Shortly after March 20, 2000, the worst day of Michael Saylor's life, one of his blue-chip Washington lawyers, Brendan Sullivan, promised him that everything was about to get worse.

This was just after MicroStrategy Inc., the company Saylor led, had been forced to issue a "restatement" of its recent financial records, effectively turning two years of profits into two years of losses; it was after the company's stock price fell from $226.75 to $86.75 a share in a single day of trading.

"This is going to be like getting on a raft at the top of the Grand Canyon," Saylor recalled Sullivan telling him. "You're going to go all the way to the bottom and you're going to hit rapids every step of the way. And you just gotta hold on."

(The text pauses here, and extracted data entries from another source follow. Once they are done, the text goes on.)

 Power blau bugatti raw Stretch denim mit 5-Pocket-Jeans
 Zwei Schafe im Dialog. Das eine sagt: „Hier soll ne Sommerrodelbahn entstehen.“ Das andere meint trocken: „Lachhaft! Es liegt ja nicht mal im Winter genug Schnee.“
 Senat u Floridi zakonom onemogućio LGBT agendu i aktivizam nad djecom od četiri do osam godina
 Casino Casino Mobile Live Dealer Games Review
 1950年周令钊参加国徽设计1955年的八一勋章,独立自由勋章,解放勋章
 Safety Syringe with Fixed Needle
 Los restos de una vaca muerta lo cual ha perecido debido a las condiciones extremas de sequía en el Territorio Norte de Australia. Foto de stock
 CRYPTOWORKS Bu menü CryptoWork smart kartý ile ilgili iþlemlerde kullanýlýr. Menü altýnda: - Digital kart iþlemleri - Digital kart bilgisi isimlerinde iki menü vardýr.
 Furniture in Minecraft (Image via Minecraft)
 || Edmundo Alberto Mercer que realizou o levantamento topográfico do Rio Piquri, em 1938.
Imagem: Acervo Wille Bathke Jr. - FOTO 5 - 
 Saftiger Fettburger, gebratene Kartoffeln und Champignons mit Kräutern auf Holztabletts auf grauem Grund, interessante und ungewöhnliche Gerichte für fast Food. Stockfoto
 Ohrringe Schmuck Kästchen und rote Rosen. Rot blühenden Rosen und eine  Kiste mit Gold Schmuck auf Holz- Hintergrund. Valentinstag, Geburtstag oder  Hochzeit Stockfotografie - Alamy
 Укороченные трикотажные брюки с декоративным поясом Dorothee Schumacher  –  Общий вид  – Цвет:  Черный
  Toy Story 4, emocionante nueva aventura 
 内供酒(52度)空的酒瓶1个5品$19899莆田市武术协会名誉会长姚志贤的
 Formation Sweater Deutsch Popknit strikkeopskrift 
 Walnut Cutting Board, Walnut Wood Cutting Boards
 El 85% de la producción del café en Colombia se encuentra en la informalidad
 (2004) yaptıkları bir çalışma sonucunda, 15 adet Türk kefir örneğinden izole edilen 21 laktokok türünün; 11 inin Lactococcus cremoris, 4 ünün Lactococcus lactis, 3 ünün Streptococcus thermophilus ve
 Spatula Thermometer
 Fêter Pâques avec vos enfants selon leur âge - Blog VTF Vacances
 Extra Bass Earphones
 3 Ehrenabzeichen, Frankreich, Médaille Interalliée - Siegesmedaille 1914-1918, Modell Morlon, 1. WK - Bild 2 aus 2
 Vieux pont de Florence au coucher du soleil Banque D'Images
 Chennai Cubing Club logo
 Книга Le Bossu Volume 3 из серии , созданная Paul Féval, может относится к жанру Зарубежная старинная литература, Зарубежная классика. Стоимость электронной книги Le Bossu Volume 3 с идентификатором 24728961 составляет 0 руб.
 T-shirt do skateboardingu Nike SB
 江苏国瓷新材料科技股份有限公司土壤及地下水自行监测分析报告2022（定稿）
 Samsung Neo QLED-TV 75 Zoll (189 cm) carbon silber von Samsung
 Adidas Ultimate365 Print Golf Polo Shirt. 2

Still, Saylor was defiant, even after MicroStrategy's shareholders lost a collective $11.1 billion in a single day. "Mother Teresa never quit during a down quarter," he told Reuters on March 20, "and what we're doing is just as important." He maintained that MicroStrategy's mistakes had been negligible. He told friends that his company had been the victim of "bean-counter sophistry" from its auditors, PricewaterhouseCoopers, and from the "jackals" in the press.

But there was something Saylor feared – the Securities and Exchange Commission. Its chairman, Arthur Levitt Jr., had placed a high priority on scrutinizing corporate accounting standards, especially for the fast-growing technology firms. To have an SEC investigation pending for months, or years, can kill a young firm, especially a cash guzzler such as MicroStrategy, which needed to raise money in the aftermath of its aborted $2 billion stock offering. The SEC, Saylor would say in his preferred "Star Trek" parlance, could "vaporize us."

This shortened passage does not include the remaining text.